BTW Lisa, I picked up on the term "tub" from my primary focus banjo era when I got into this (period correct for third generation).  I find it hilarious now as I did then.  I also think it a good way for me to say to myself  "shall I practice on the tub today?"  Seems less pretentious than "Early Banjo" and less syllables than "Minstrel Banjo."

Sorry about all the typos.

Well done Joel. I'm looking in the crack between 1st and 2nd generation. My particular fancy anyway.

Fantastic stuff Joel.  I was writing tidbits about generations 2-4, but mainly about 3 and 4 (my heroes) and Frank Converse (also a hero of mine... I plan on paying respects at his grave site sometime in the next few months).  I did have a comment mixed in there about how the Gen. 2 banjos were more evolved than the early tubs.  

I've got to say, as far as my interests are concerned, I've been really into the early minstrel period (1840s-1850s) but not so much into the Civil War or the rest of the '60s.  Oddly enough it was an interest in popular music during the Civil War that got me playing banjo in the first place.  Lately I've been really into the 1890s and the "4th generation" of banjo players, especially banjo playing during the Great War and English classic banjo playing.  As for the American stuff, I really like the 1890s and all the banjo clubs that were springing up.

And now, back to our regularly scheduled program....."music in the cracks".

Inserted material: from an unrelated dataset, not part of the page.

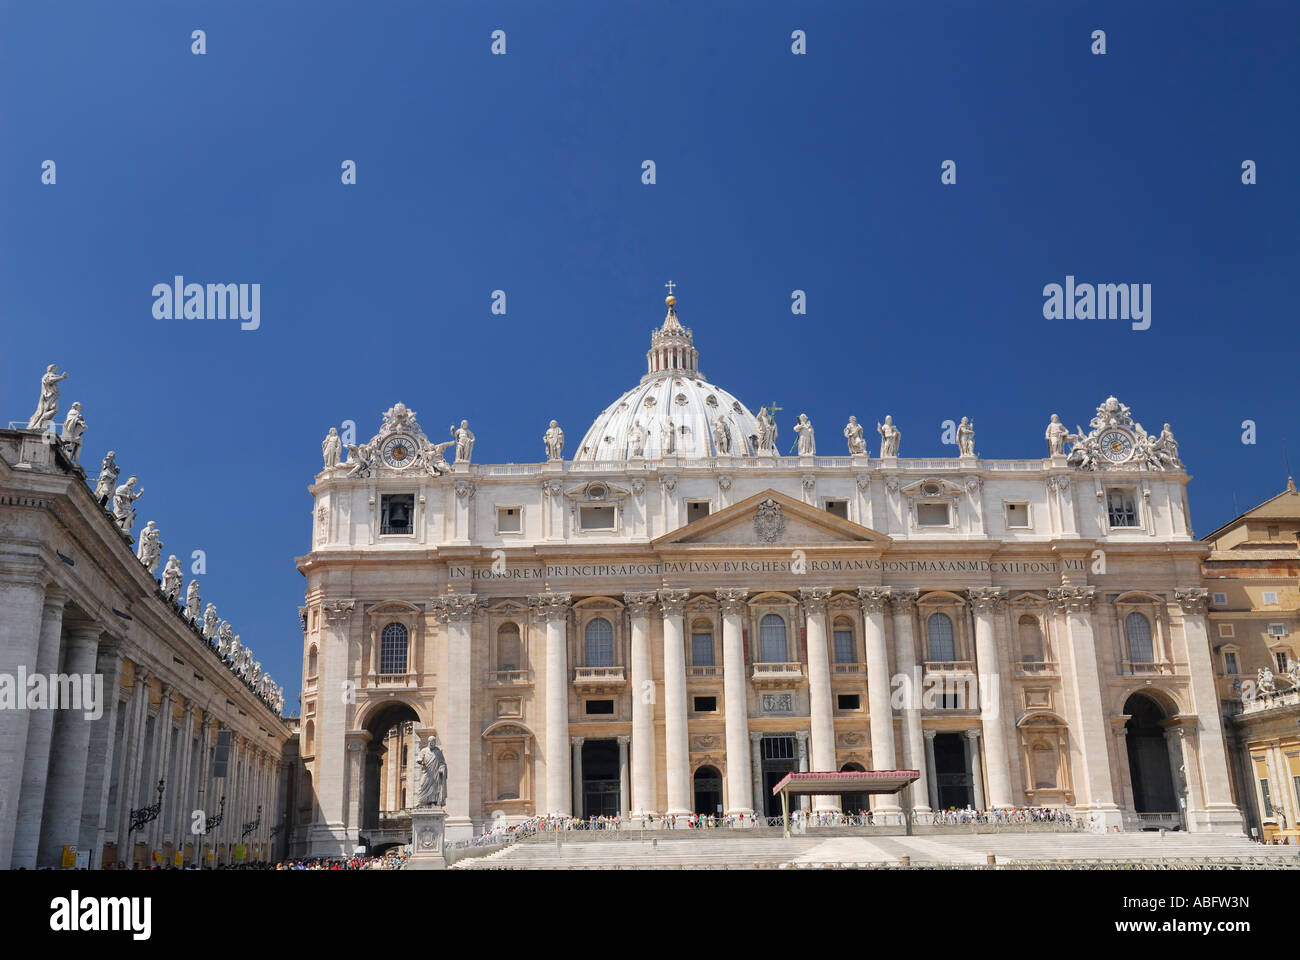 Fassade des St Peters päpstliche Basilika römisch-katholische Kathedrale und Platz im Vatikan in Rom Italien Stockfoto

These pieces hit me as being such. On "Sugar in the Gourd" I use hybrid. The ascending arpeggios especially when skipping an adjacent string are so practical. The main figure works either way. In both pieces you see that fretted chord sequence in the 5th position. Sort of simple....works on fretted and fretless. Real clean on a fretted. "Excelsior Rondo" begs to be fingerstyle...and fretted ( I believe ) due to the nature of the high chords.

Attachments:

I don't mean to beat a dead horse here, but by 1868 there were fretless banjos that were evolved enough that those high chords in Excelsior Rondo wouldn't have been very difficult to play.  

I realize that. Here is a version on a high-ass action tack head.

The result is still better on a fretted. Certainly everyone was reaching for the best thing...better gear, better music.

As I say...possible, but not practical. John I would really love to see your playing experiments that help you draw your conclusions.